The @CsvBindByPosition annotations from OpenCSV map each CSV column to a field in our Movie class. The most important field for our purposes is overview, which contains the plot description we'll embed for semantic search.

Creating embeddings for vector search

Now, let's create the service that reads the CSV, generates embeddings, and stores them in MongoDB. Create MovieEmbeddingService.java:

package com.mongodb.movieagent;

import com.opencsv.bean.CsvToBeanBuilder;
import dev.langchain4j.data.embedding.Embedding;
import dev.langchain4j.data.document.Metadata;
import dev.langchain4j.data.segment.TextSegment;
import dev.langchain4j.model.embedding.EmbeddingModel;
import dev.langchain4j.store.embedding.EmbeddingStore;

import java.io.InputStream;
import java.io.InputStreamReader;
import java.util.*;

public class MovieEmbeddingService {

    private final EmbeddingStore<TextSegment> embeddingStore;
    private final EmbeddingModel embeddingModel;

    public MovieEmbeddingService(EmbeddingStore<TextSegment> embeddingStore, 
                                  EmbeddingModel embeddingModel) {
        this.embeddingStore = embeddingStore;
        this.embeddingModel = embeddingModel;
    }

    public void ingestMoviesFromCsv() {
        try (InputStream inputStream = getClass()
                .getClassLoader()
                .getResourceAsStream("imdb_top_1000.csv")) {

            if (inputStream == null) {
                throw new RuntimeException("imdb_top_1000.csv not found");
            }

            List<Movie> movies = new CsvToBeanBuilder<Movie>(new InputStreamReader(inputStream))
                    .withType(Movie.class)
                    .build()
                    .parse();

            System.out.println("Processing " + movies.size() + " movies...");

            for (Movie movie : movies) {
                if (movie.getTitle() == null || movie.getOverview() == null) {
                    continue;
                }

                Metadata metadata = getMetadata(movie);
                TextSegment segment = TextSegment.from(movie.getOverview(), metadata);
                Embedding embedding = embeddingModel.embed(segment).content();

                embeddingStore.add(embedding, segment);
                System.out.println("Stored: " + movie.getTitle());
            }
        } catch (Exception e) {
            System.err.println("Error processing CSV: " + e.getMessage());
            e.printStackTrace();
        }
    }

    private static Metadata getMetadata(Movie movie) {
        Map<String, Object> metadataMap = new HashMap<>();
        metadataMap.put("title", movie.getTitle());
        metadataMap.put("year", movie.getYear());
        metadataMap.put("genre", movie.getGenre());
        metadataMap.put("director", movie.getDirector());
        metadataMap.put("imdbRating", movie.getImdbRating());
        metadataMap.put("star1", movie.getStar1());
        metadataMap.put("star2", movie.getStar2());

        return new Metadata(metadataMap);
    }
}

Let's walk through what's happening here:

CSV parsing: We use OpenCSV's CsvToBeanBuilder to read imdb_top_1000.csv from our resources directory and parse it into a list of Movie objects.
Embedding generation: For each movie, we:

Extract the overview (plot description).
Create a TextSegment containing the overview text and metadata.
Pass the segment to embeddingModel.embed()(our Voyage AI model) to generate a 1024-dimensional vector.
Store both the embedding and the segment (with its metadata) in MongoDB.

Metadata storage: We attach key movie information as metadata (title, year, genre, etc.).

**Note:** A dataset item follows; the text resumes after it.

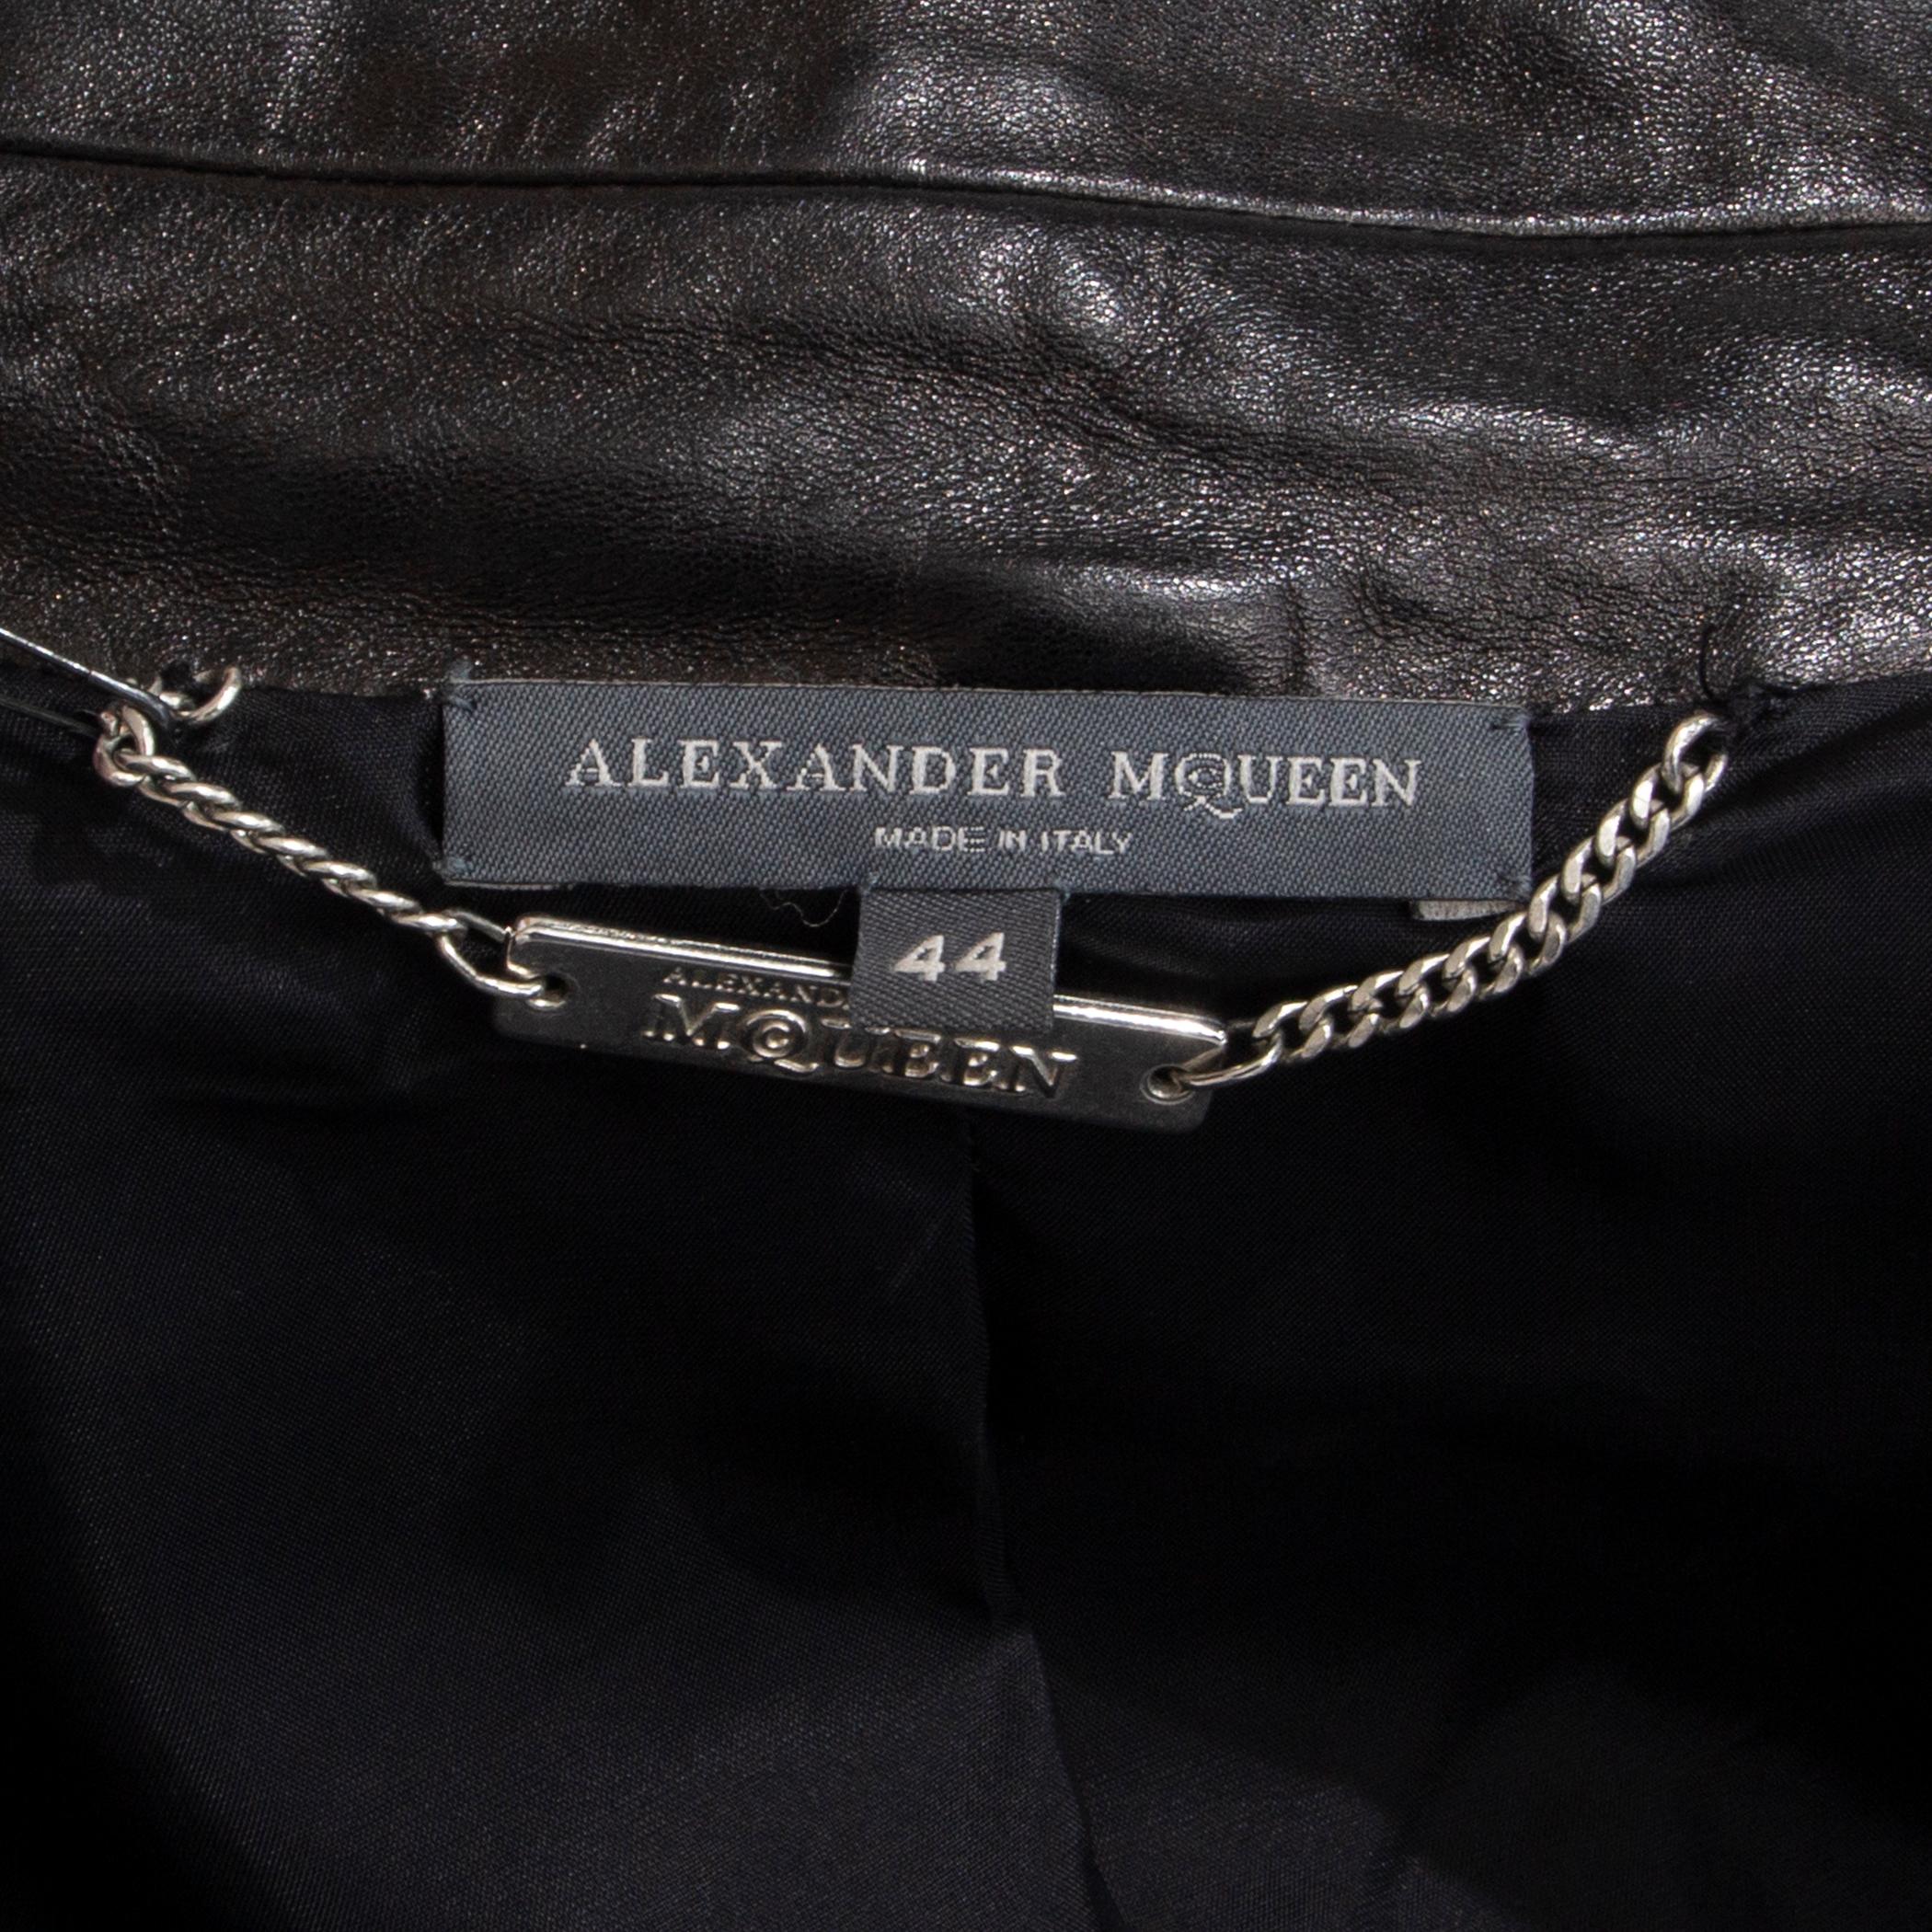 Women's Alexander McQueen black leather Trench Coat Jacket 44

This gets stored alongside the embedding in MongoDB, so when we search, we get back not just vectors but all the movie details we need.

The beauty of this approach is that we're only embedding the overview field. When a user searches for "rebels fighting an empire," the semantic search matches that against movie plot descriptions, not titles or actor names. Users can describe what they remember about a movie without needing to know its exact name.

If you want to learn more about how to use MongoDB with LangChain4j, check out our documentation.

Creating our agent

Now comes the fun part: building the agentic system. We'll create three specialized tools that our supervisor agent can use, then wire them together.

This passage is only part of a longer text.